– Ну, а если б он не убил, а только избил?
– Если бы не убил, то я бы денег, конечно, взять не посмел и
осталось бы втуне. Но был и такой расчет, что изобьют до бесчувствия, а я в то
время и поспею взять, а там потом Федору-то Павловичу отлепартую, что это никто
как Дмитрий Федорович, их избимши, деньги похитили.
– Стой… я путаюсь. Стало быть, все же Дмитрий убил, а ты
только деньги взял?
– Нет, это не они убили-с.
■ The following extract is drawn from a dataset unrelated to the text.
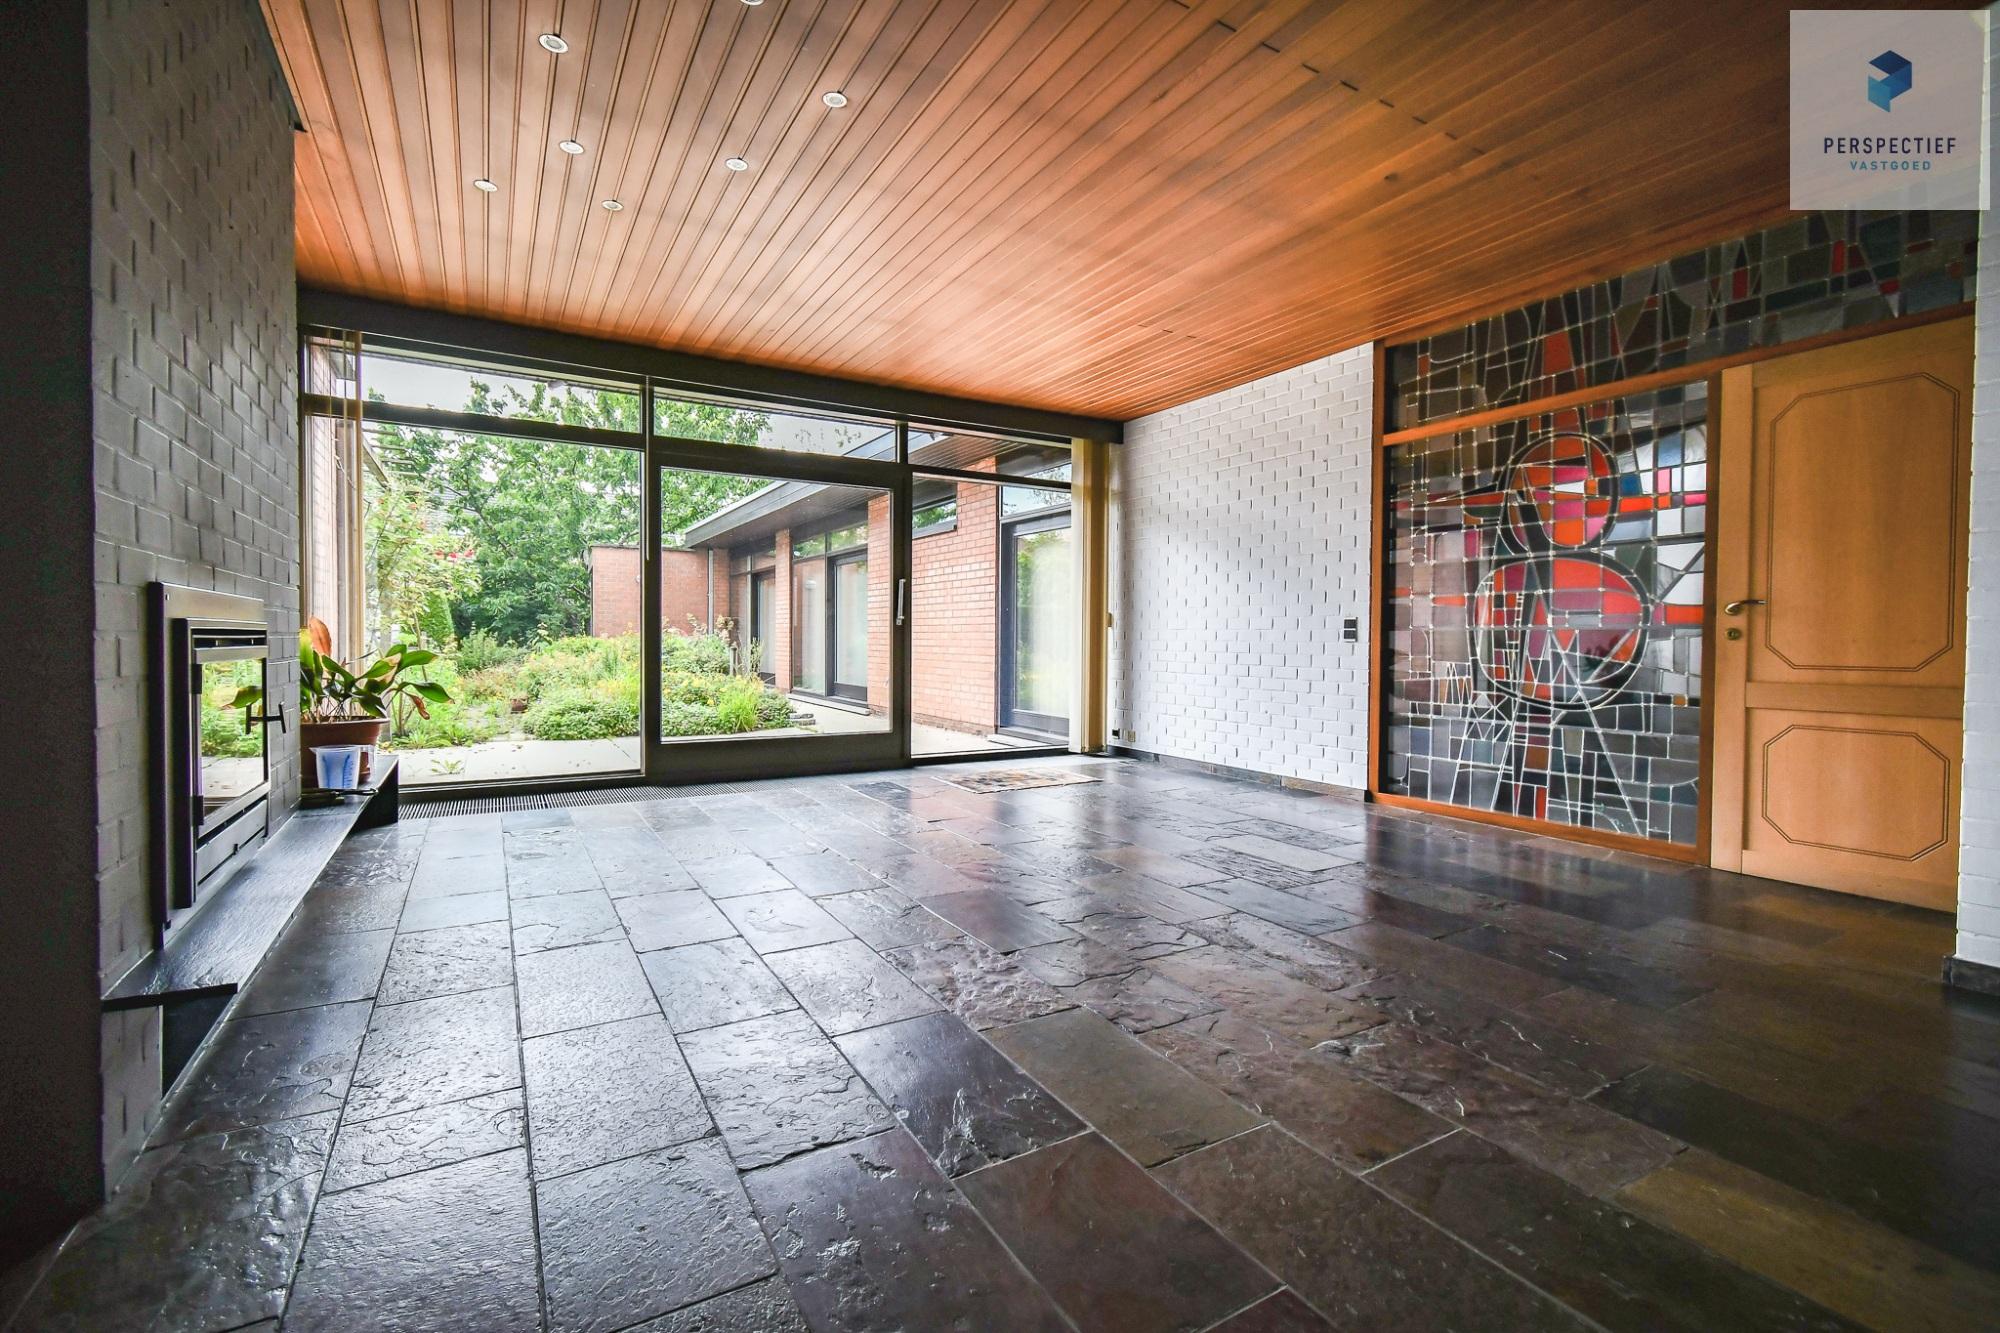 | IN OPTIE | Vrijstaandearchitecturale woningop eentoplocatie, ideaal voor een zelfstandigepraktijk! - 4

Что ж, я бы мог вам и теперь
сказать, что убивцы они… да не хочу я теперь пред вами лгать, потому… потому
что если вы действительно, как сам вижу, не понимали ничего доселева и не
притворялись предо мной, чтоб явную вину свою на меня же в глаза свалить, то
все же вы виновны во всем-с, ибо про убивство вы знали-с и мне убить
поручили-с, а сами, все знамши, уехали. Потому и хочу вам в сей вечер это в
глаза доказать, что главный убивец во всем здесь единый вы-с, а я только самый
не главный, хоть это и я убил. А вы самый законный убивец и есть!
– Почему, почему я убийца? О Боже! – не выдержал наконец
Иван, забыв, что всё о себе отложил под конец разговора. – Это все та же
Чермашня-то? Стой, говори, зачем тебе было надо мое согласие, если уж ты принял
Чермашню за согласие? Как ты теперь-то растолкуешь?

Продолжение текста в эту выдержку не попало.